Annual report pursuant to Section 13 and 15(d)

Subsequent Events

v2.4.0.6
Subsequent Events
12 Months Ended
Dec. 31, 2011
Subsequent Events [Abstract]  
Subsequent Events

NOTE 13—SUBSEQUENT EVENTS

On February 3, 2012, the Company entered into a global license and co-development agreement with Merck KGaA, of Darmstadt, Germany, to co-develop and commercialize TH-302, the Company's small molecule hypoxia-targeted drug. Under the terms of the agreement, Merck will receive co-development rights, exclusive global commercialization rights and will provide the Company an option to co-commercialize TH-302 in the United States. In exchange, the Company will receive an upfront payment of $25 million and could receive another $35 million in additional development milestones that are independent of continued development of TH-302 in pancreatic cancer during 2012. The Company is also eligible to receive a $20 million milestone payment based on positive results from its randomized Phase 2 trial in pancreatic cancer. Total potential milestone payments are $525 million, comprised of $280 million in regulatory and development milestones and $245 million in sales-based milestones.

 

In the United States, the Company will have primary responsibility for development of TH-302 in the soft tissue sarcoma indication. The Company and Merck KGaA will jointly develop TH-302 in all other cancer indications being pursued. Merck KGaA will pay 70% of worldwide development costs for TH-302.Subject to FDA approval in the United States, Merck KGaA will initially be responsible for commercialization of TH-302 with the Company receiving a tiered, double-digit royalty on sales. Under the royalty-bearing portion of the agreement, the Company retains the option to co-promote TH-302 in the United States. Additionally, the Company retains the option to co-commercialize TH-302 upon the achievement of certain sales and regulatory milestones, allowing the company to participate in up to 50% of the profits in the United States depending on total sales. Outside of the United States, Merck KGaA will be solely responsible for the commercialization of TH-302 with the Company receiving a tiered, double-digit royalty on sales in these territories. The agreement became effective on March 12, 2012, upon termination of the applicable waiting period under the Hart-Scott-Rodino Antitrust Improvements Act of 1976. The agreement will continue on a country-by-country basis until the later of the last to expire patent covering TH-302 in such country or ten years following the commercial launch of a product containing TH-302 in such country, unless terminated earlier. Merck has the right to terminate the agreement after the achievement of certain milestones, and each party has the right to terminate the agreement following uncured material breach by the other party.
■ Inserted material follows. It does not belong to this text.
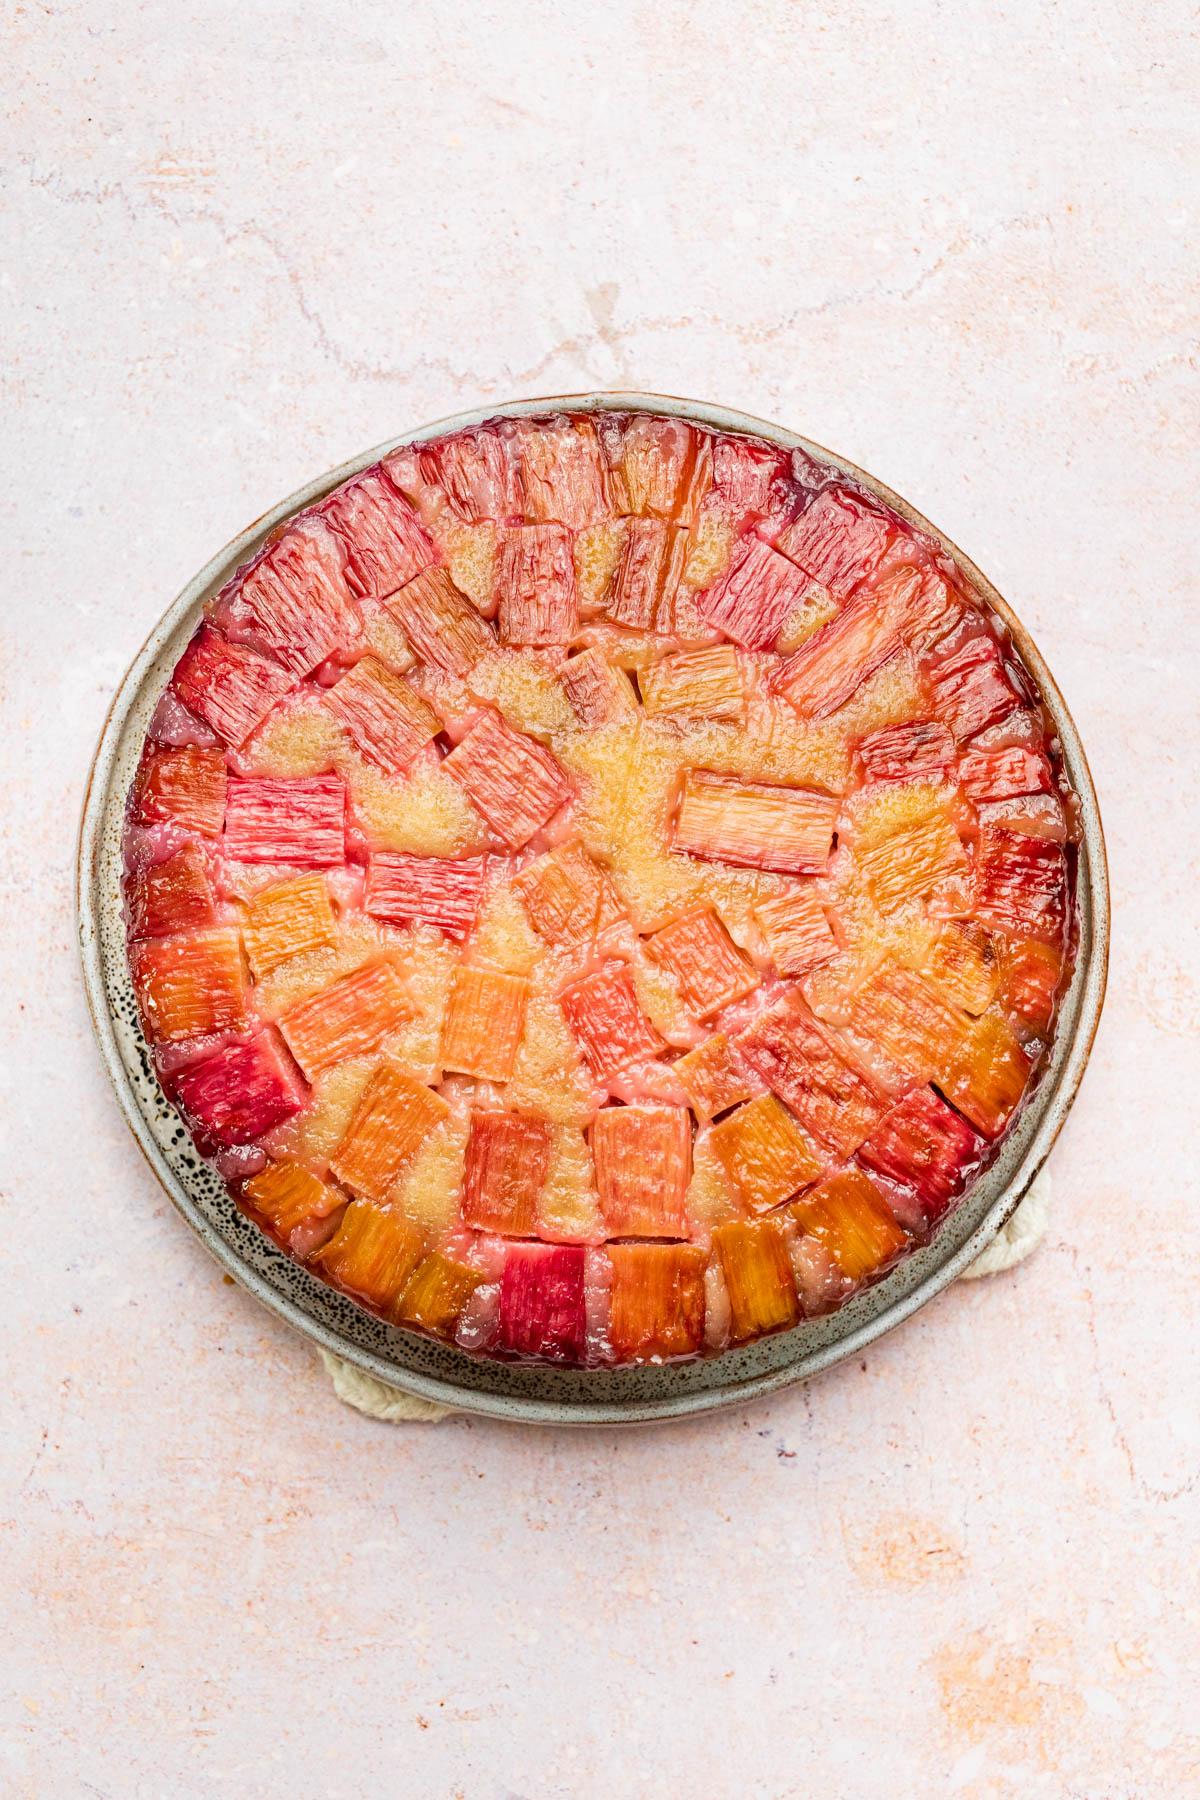 Flipped cake to show the rhubarb base.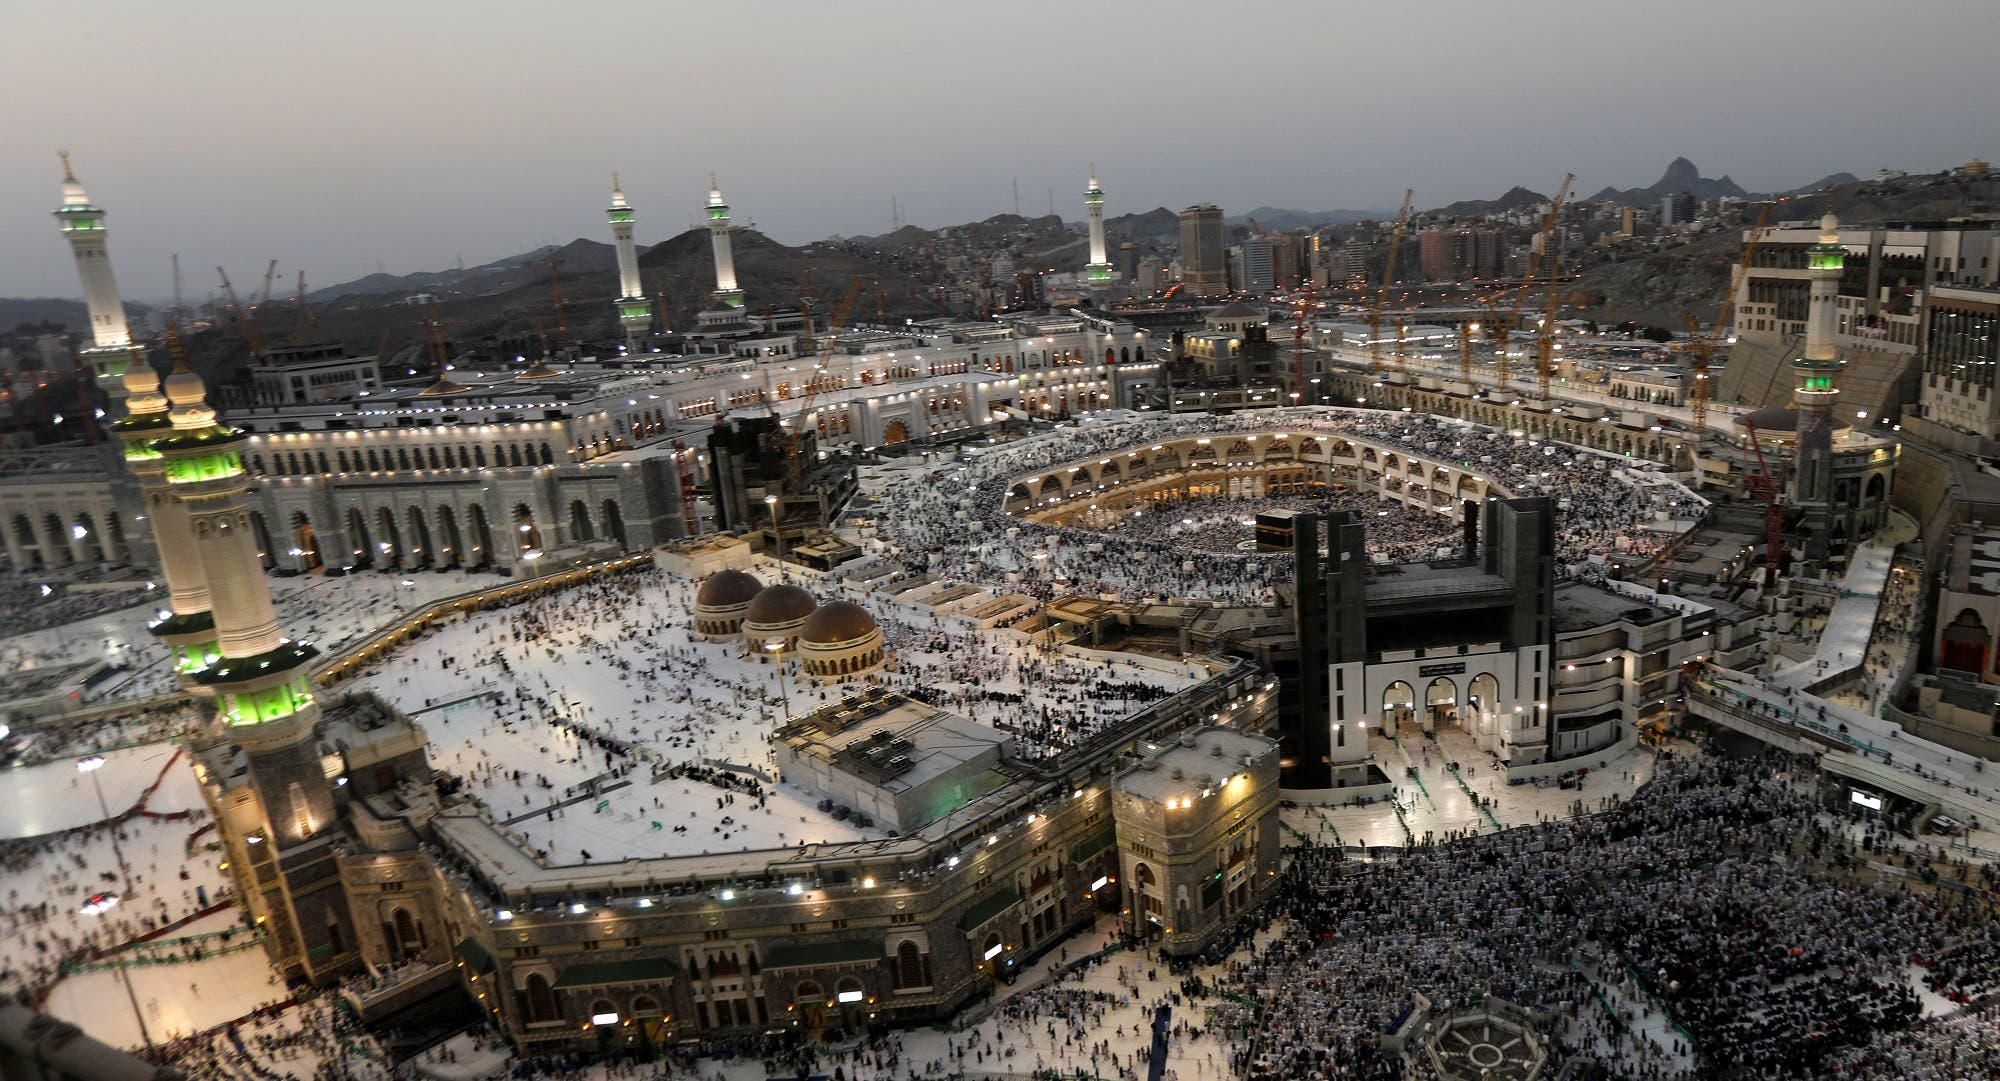 Muslims pray at the Grand mosque during the annual Haj pilgrimage in Mecca, Saudi Arabia September 3, 2017. (Reuters)

Pursuant to an amendment to the at the market issuance sales agreement and a prospectus supplement we filed on January 20, 2012, pursuant to a new registration statement filed with the Securities and Exchange Commission, we may sell shares of our common stock having an aggregate offering price of up to $15.0 million from time to time through MLV as our sales agent. Subsequent to December 31, 2011, the Company sold 2,022,144 shares of our common stock at an average price of $6.29 pursuant to the at market issuance sales agreement. Net proceeds from the sale of stock were $12.3 million. The sale of stock did not result in an adjustment to the exercise price of certain of our outstanding warrants.